Мы выехали на шоссе и бричка затряслась на выбоинах, лязгали железные обода колес, стали появляться люди, мы проезжали мимо них, они шли по тропке, один в фуражке, другой в шляпе, дальше — воз с узлами, со всем чьим-то скарбом — полз вслед за ними, а дальше какая-то женщина задержала нас, став посреди шоссе, а когда она подошла, то под платком, какой обычно носят бабы, я увидал довольно тонкое лицо, из-под укороченной черной шелковой юбки виднелись громадные — из-за мужских сапог — ноги, глубокое, бальное или вечернее, элегантное декольте, а в руках — что-то завернутое в газету — она замахала свертком — хотела что-то сказать, но сжала губы, снова хотела заговорить, но махнула рукой, отпрянула и встала на дороге, мы проехали мимо. Кароль рассмеялся. Наконец мы, ужасно гремя и подскакивая на булыжниках, от чего аж щеки тряслись, добрались до Островца, миновали немецкие посты перед фабрикой; городок был все тем же, что и раньше, совершенно тем же, эти нагромождения и трубы больших фабричных печей, фабричная стена, потом — мост на Каменной и железнодорожное полотно и главная улица, ведущая на рыночную площадь, на углу кафе Малиновского. Разве что чувствовалась какая-то пустота, а точнее — не было видно евреев. А в общем, на улицах было довольно многолюдно, движение кое-где даже оживленное; там баба выбрасывает мусор за порог, здесь кто-то идет с толстой веревкой под мышкой, перед продуктовым магазином скопление, а мальчишка камнем метит в сидящего на трубе воробья.

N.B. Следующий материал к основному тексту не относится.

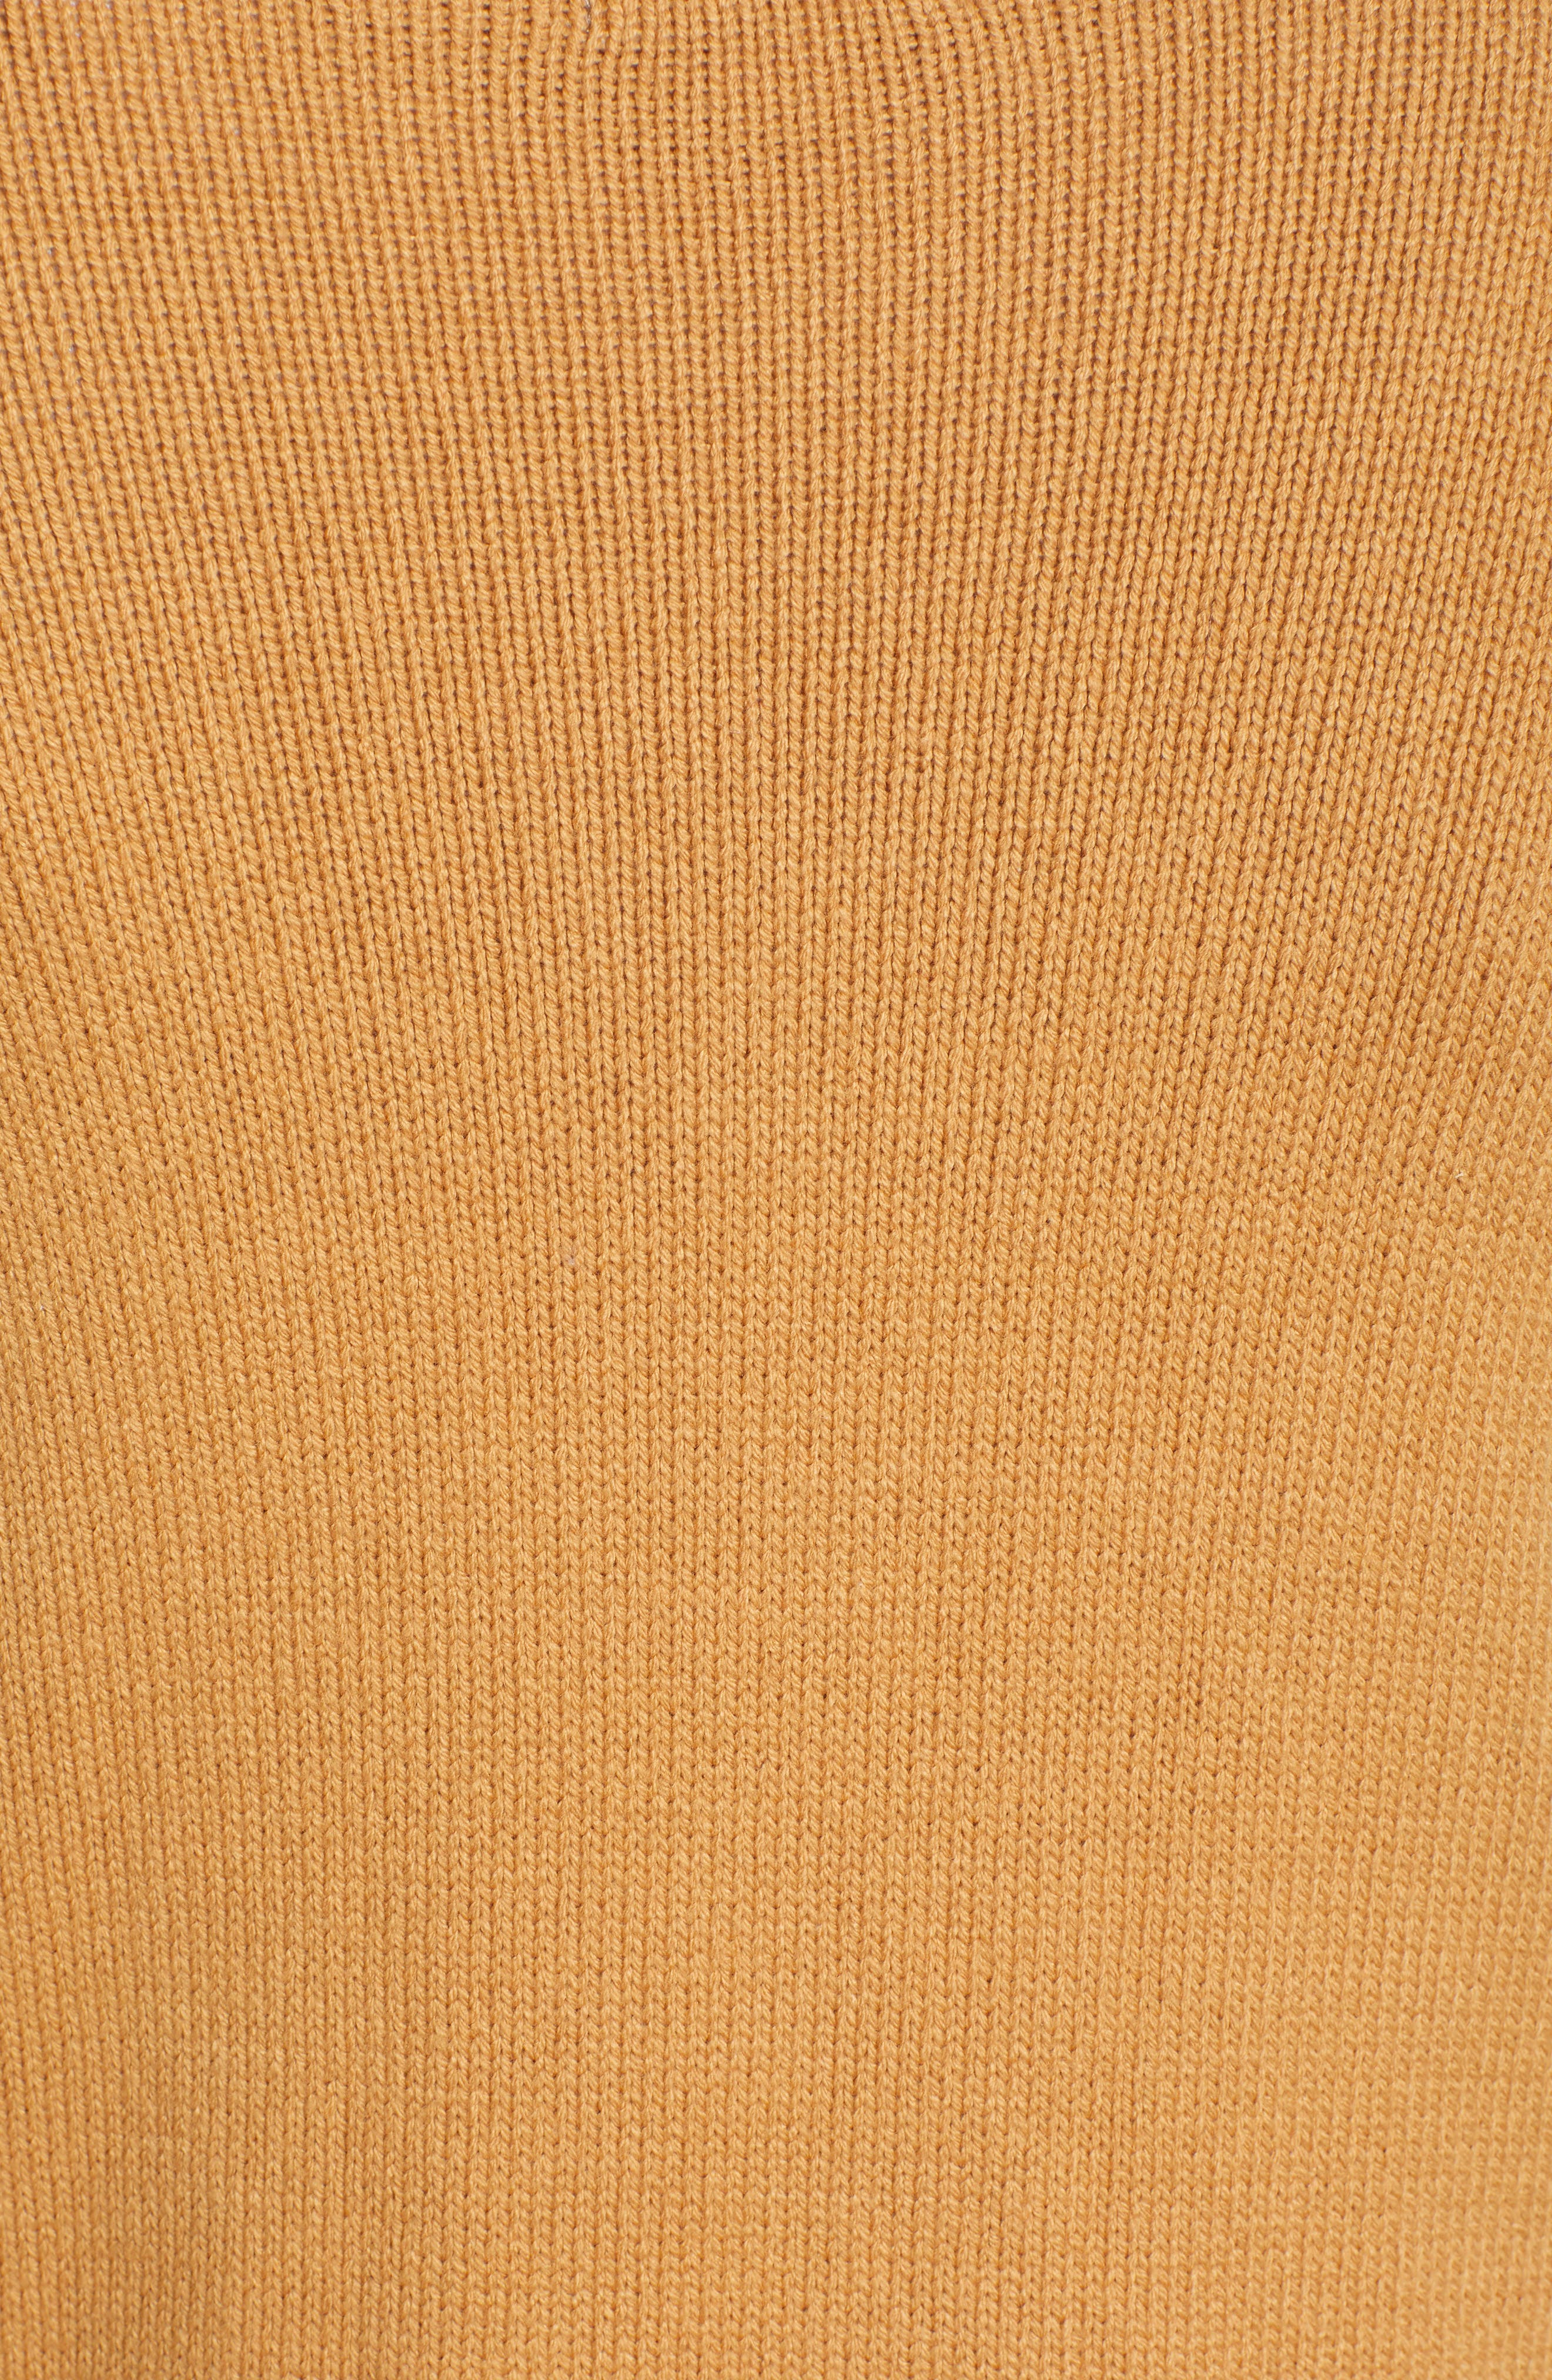 PRIMA,                             Two-Tone Cardigan,                             Alternate thumbnail 5, color,                             900

Мы купили керосину, сделали еще несколько дел и как можно быстрее покинули этот странный Островец, и перевели дух только тогда, когда бричку снова приняла на свое мягкое лоно земля обычной грунтовой дороги. Но что делал Фридерик? Чем занимался там, предоставленный сам себе? Спал? Сидел? Ходил? Я ведь знал его скрупулезную корректность, я знал, что если он сидит, то с соблюдением всех правил предосторожности, но несмотря на

это, все-таки меня мучило то, что я не знаю, чем конкретно он был занят. Когда по приезде в Повурную мы с Каролем присоединились к запоздавшему обеду, его не было, а пани Мария сказала нам, что он рыхлит землю на огороде… Что? Он делает грядки? — Я боюсь, что… ему вероятно скучно у нас, — прибавила она не без огорчения, как будто речь шла о госте с довоенного времени, пришел и Иполит, чтобы мне сообщить:

— Твой приятель на огороде… рыхлит, понял.

Он был застенчив, несчастен и беспомощен, и что-то в его голосе говорило, что этот человек становится ему в тягость. Я пошел к Фридерику. Завидев меня, он отложил тяпку и спросил со свойственной ему обходительностью, как удалась поездка… а затем, отведя взгляд в сторону, в осторожных словах выразил мысль о возвращении в Варшаву, потому что, в конце концов, здесь мы не очень-то и нужны, а так надолго оставлять нашу варшавскую торговлишку — хорошим не кончится, да, собственно говоря, и поездка наша не совсем продумана, так может лучше собрать манатки… Он прокладывал в себе дорогу для этого решения, постепенно делал его все более ощутимым, приучал к нему… меня, себя, стоящие вокруг деревья. Как считаешь? Потому что, с другой стороны, в деревне все равно лучше… но… можно ведь и завтра выехать? Неожиданно его вопросы зазвучали понуждающе, и я понял: из моего ответа он хотел узнать, успел ли я поговорить с Каролем; он догадывался, что я должен был его прощупать, а теперь ему надо было знать, осталась ли у него хоть тень надежды, что невесту Вацлава когда-нибудь обнимут мальчишеские руки Кароля! А мне вместе с тем он по секрету сообщал, что ничего из того, что ему известно, что он разузнал, не дает основания для таких иллюзий.

Трудно описать отвратительность этой сцены. Лицо пожилого человека сдерживается скрытым усилием воли, направленным на маскировку разложения, или по крайней мере, организацию его в симпатичное целое — на него же нашло разочарование, отказ от чар, от надежд, от страстей, и все морщины выползли на него и паслись, как черви на трупе. Он был покорно подлым в том, что смирялся перед собственным бесчестьем — и так сильно заразил этим свинством меня, что во мне закопошились мои черви, повылазили, облепили. Однако верхом мерзости было не это. Гротескный ужас вызывало прежде всего то, что мы походили на пару любовников, обманувшихся в своих чувствах и отвергнутых другой парой любовников, что нашей распаленности, нашей возбужденности не на что было направиться, и теперь она рыскала между нами… и у нас ничего не оставалось, кроме нас же самих… и поэтому, испытывая отвращение друг к другу, мы, однако, держались друг друга в этой нашей возбужденной чувственности. Потому-то мы старались не смотреть друг на друга. Припекало солнце, из кустов доносился запах кантариды.

В конце концов я понял, каким ударом для него и для меня в тайном нашем собрании было не подлежащее более никакому сомнению равнодушие этих двух. Молодая — невеста Вацлава. Молодой — совершенно безразличен к этому. И все погружено в слепоту их молодости. Руины наших снов!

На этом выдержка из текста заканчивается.